名古屋市から離れた新興の市街地の幹線道路沿いにご自宅と、老朽化したアパート・貸倉庫事務所を所有されているE様。

Eさんには、奥様と3人の子がいましたが、奥様とは一時別居していたこともあり夫婦仲は良くありませんでした。また、子どもたちも転職を繰り返すなど問題がありました。Eさんには、男の子の孫が一人だけいました。離婚した長男の子でした。
Eさんはこの孫が不憫であり、跡取りにしたいと考えおられました。

一方、不動産業者は、奥様や子ども達に、マンション経営や、起業に協力しますなど、色々な儲け話を持ちかけていました。
中でも、Eさんの相続税対策と称して10階建のマンション建築がしきりに勧められていました。このような状況で、奥様と子どもたちは不動産会社に勧められるまま、収支計画、建築計画(工事費と階数・工事内容・建物配置などの兼ね合い)の内容をほとんど検討することなく、また相見積を取ったり、他の有効活用方法について複数の不動者会社にプランを出させるなどして検討することなくもなく、マンションの建築を進め、Eさんに建築設計管理契約への署名押印をさせてしまいました。

全額借入で、その地域では大規模な部類になるマンションの建築に不安になったEさんは、当事務所にご相談にみえました。

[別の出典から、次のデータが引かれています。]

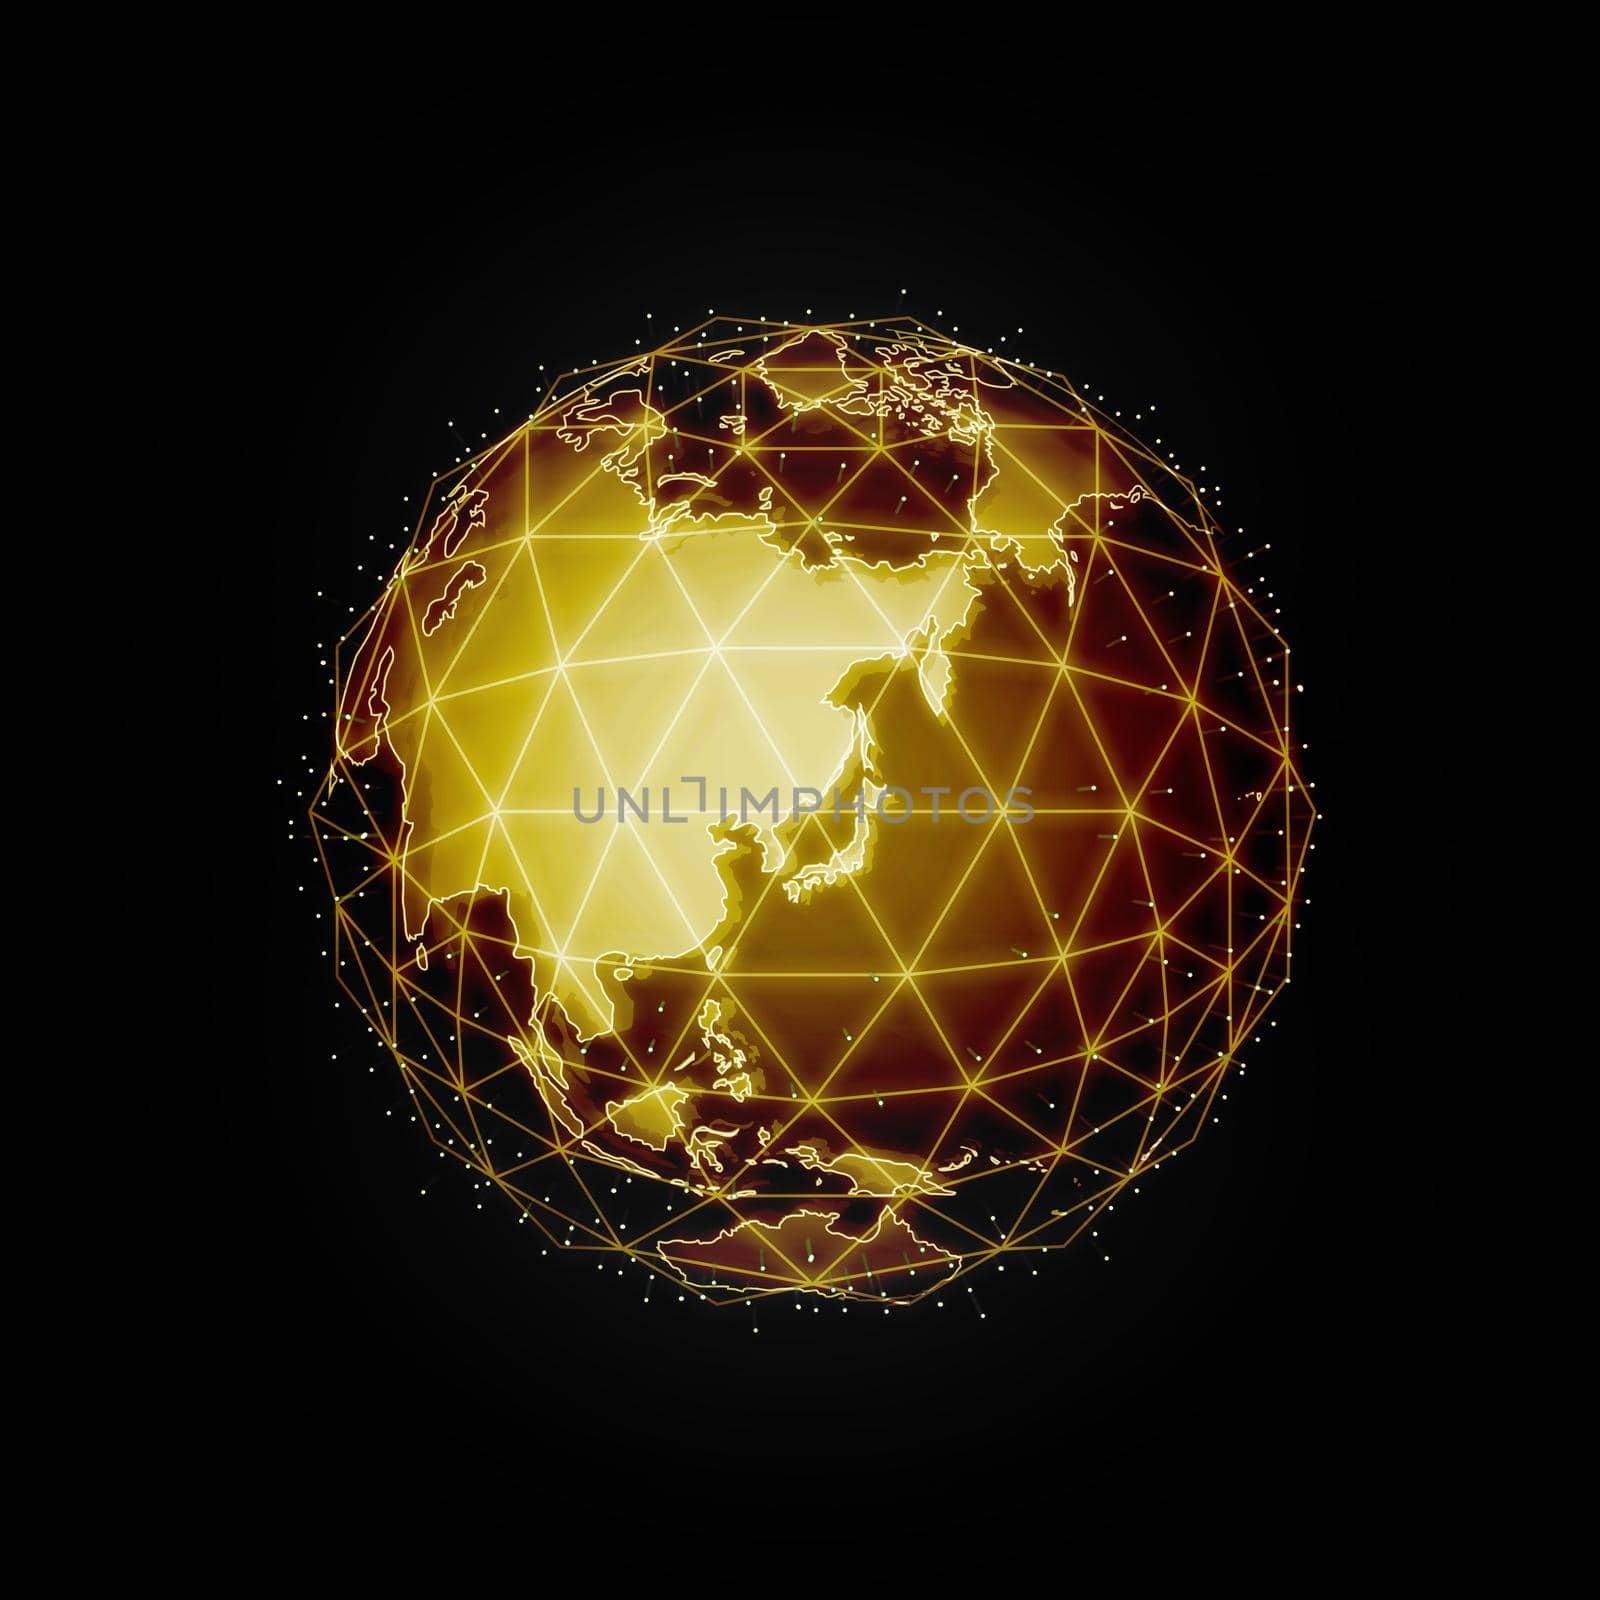 Digital earth illustration ( global network, technology motif )

相続税を試算してみると、Eさんが想定されていたような額ではありませんでした。
また、その建築計画を見てみると、名古屋からかなり離れた新興市街地でありながら、1~2階が店舗、3~10階が賃貸マンションという構想に無理があるように思われました。店舗に出店があるのか疑問があるのにも関わらず、収支計画書はうまい話ばかりで、とても危険な内容に見られました。

しかし、一度署名した建築設計管理契約を無効にするのは、大変難しく調停に持ち込みました。一般に建築費の8~12%と言われる設計・管理料の支払いを要求され難航しましたが、それを下回る金額で和解を成立させました。
和解金支払いは高い授業料でした。そのかわりに、その結果はEさんにとって正解でした。

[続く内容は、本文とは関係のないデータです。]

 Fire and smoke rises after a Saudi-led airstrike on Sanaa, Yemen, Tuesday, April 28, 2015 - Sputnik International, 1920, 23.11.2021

当事務所は、この問題の解決の過程で、相続税対策、家族関係などを考慮し、不動産投資を行うには、法人を設立し、建設協力金方式による建てて貸す方式(定期借家)が良いと考えました。
当事務所が代理人となり、複数のデイベッロパーに建設協力金方式による定期借家の提案を求めました。検討を重ね、交渉した結果、安定性・信頼性から某外食産業に15年間計画で建物を賃貸する契約を成立させました。

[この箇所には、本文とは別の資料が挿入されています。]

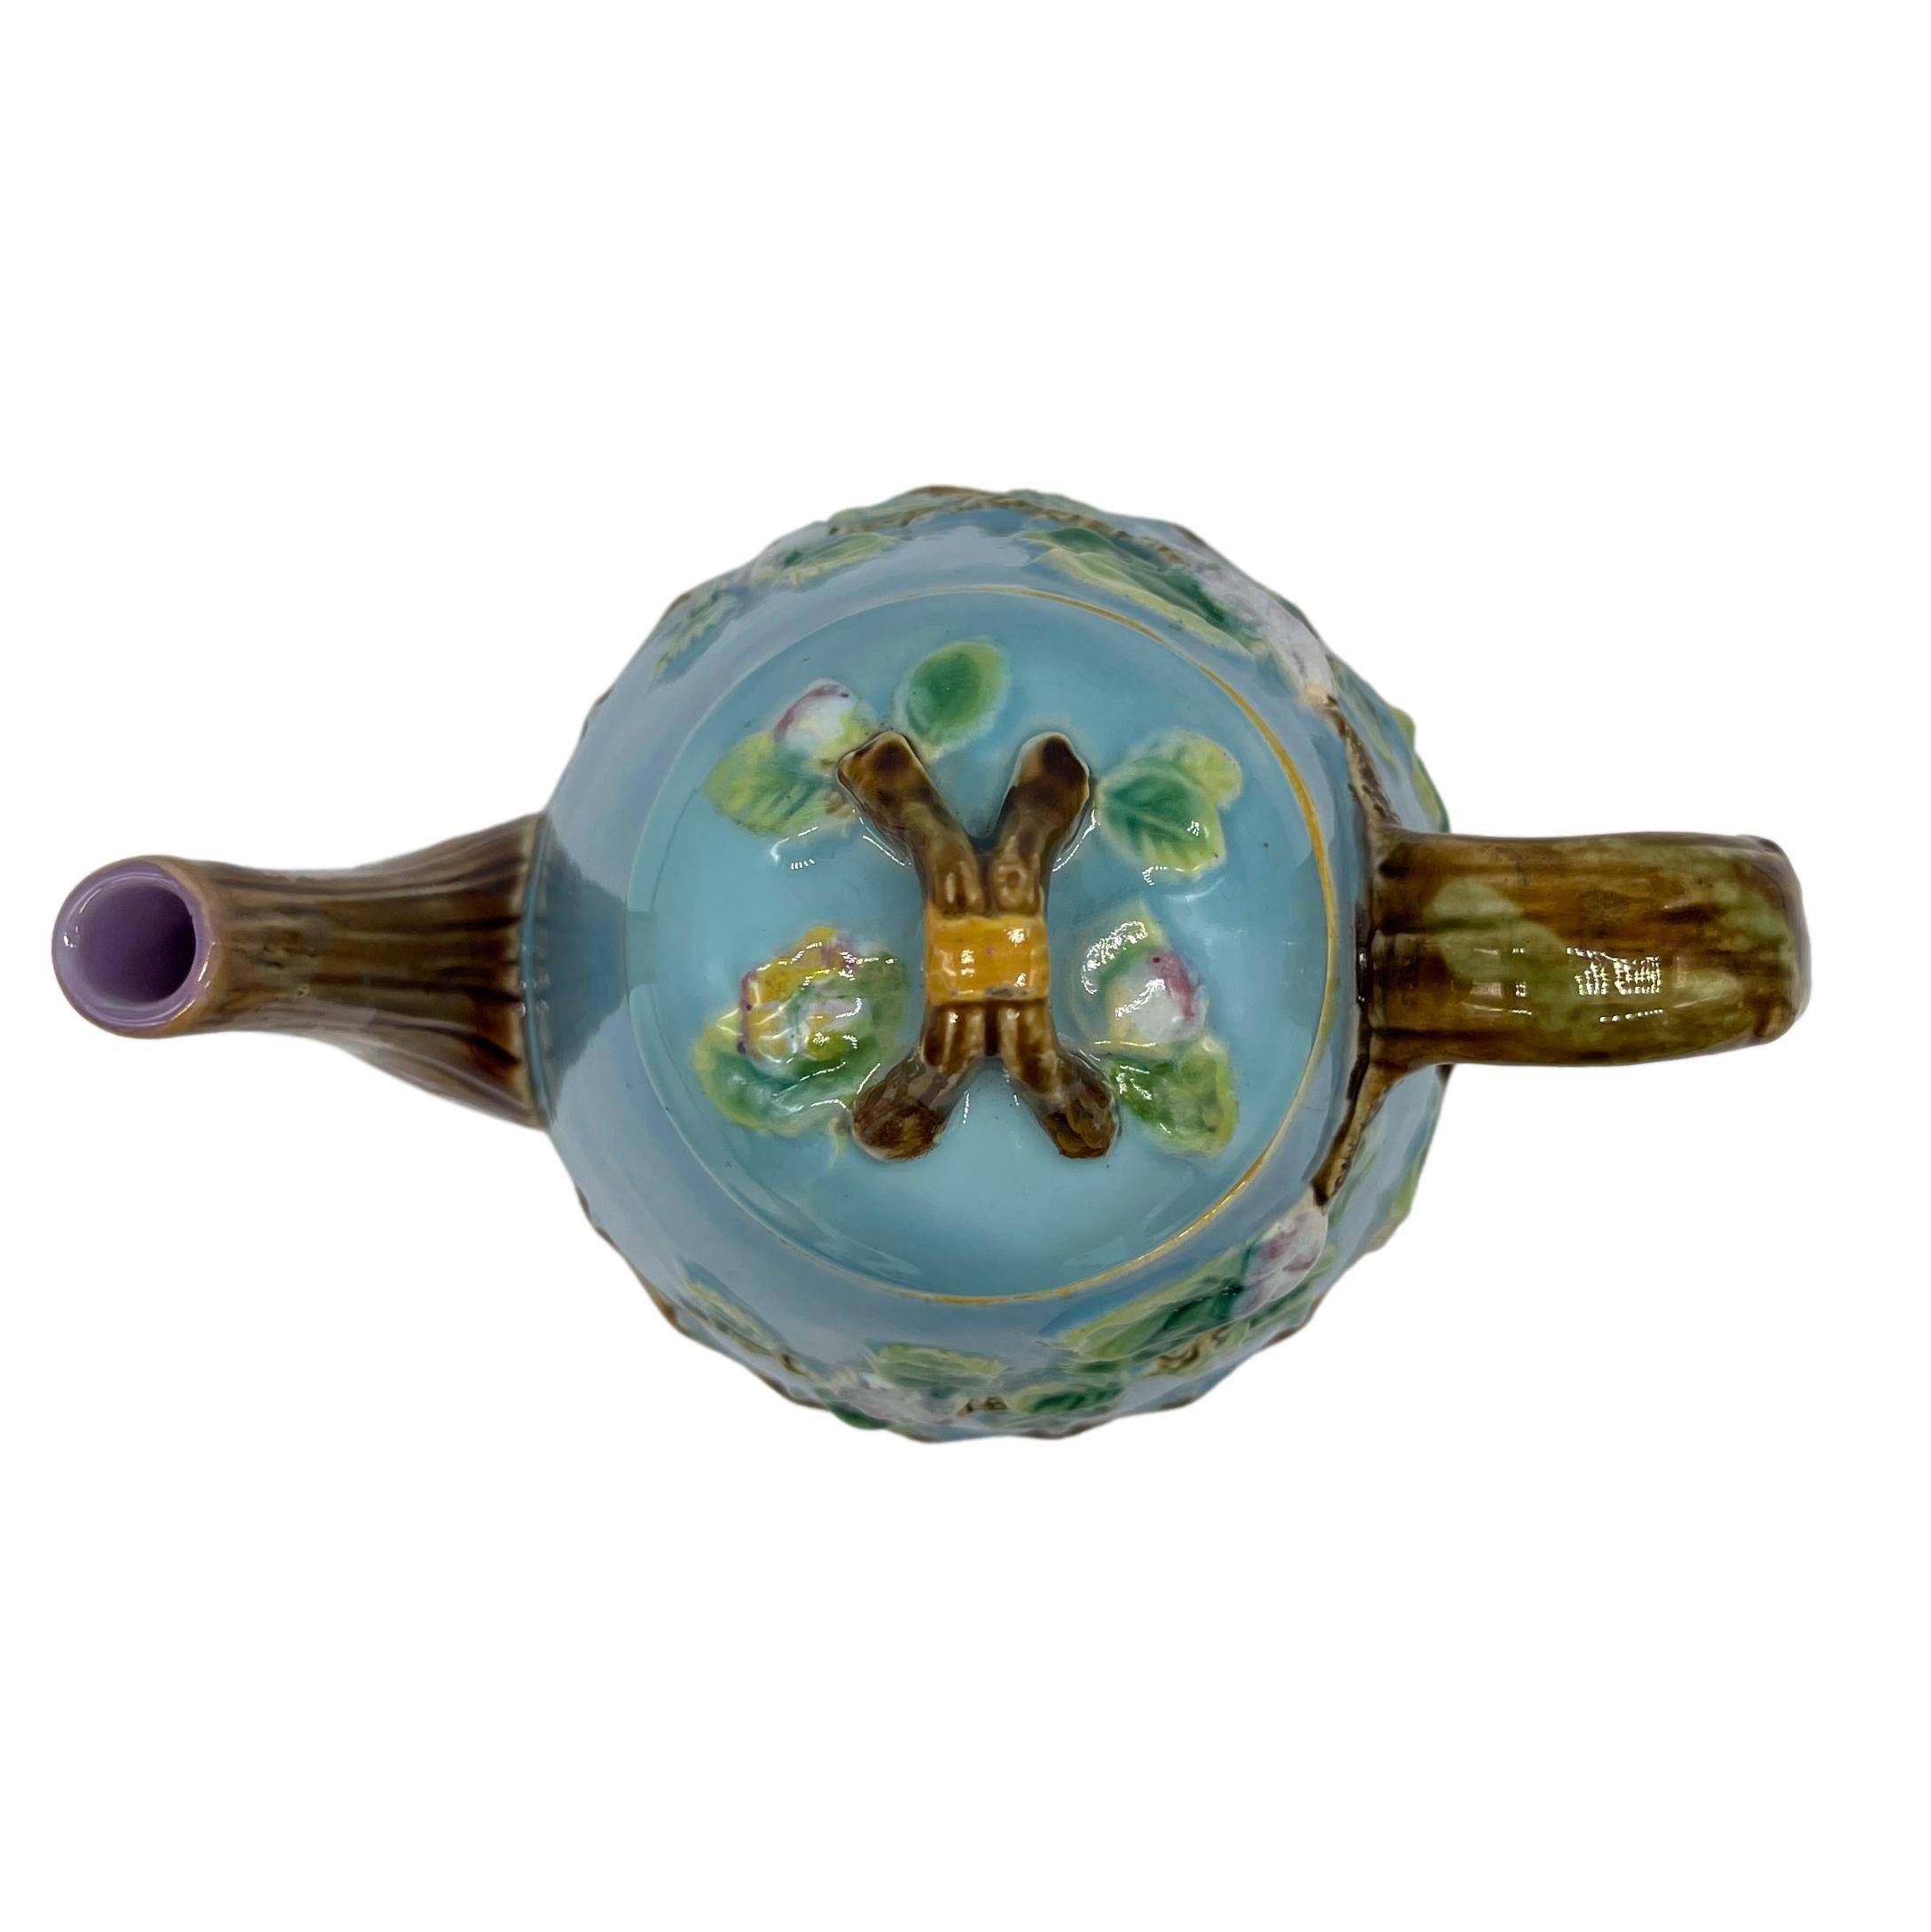 George Jones Majolica 'Apple Blossom' Teapot Basketweave on Turquoise, ca. 1873 For Sale 2

ちなみに、貸主は設立した法人です。そして法人が地主であるBさんから土地を借りる契約をセットで締結しました。
そして、その法人の当初の株主はEさんでしたが、後を継がせたかった孫を養子にした上で、その養子に株式を譲渡したのです。厄介な相続問題の対策をするとともに、安定的に賃貸するために法人で貸し、自己の所有土地に借地権の負担を負わせたのです。

これが、将来起きるであろう相続問題を最小限におさえることになりました。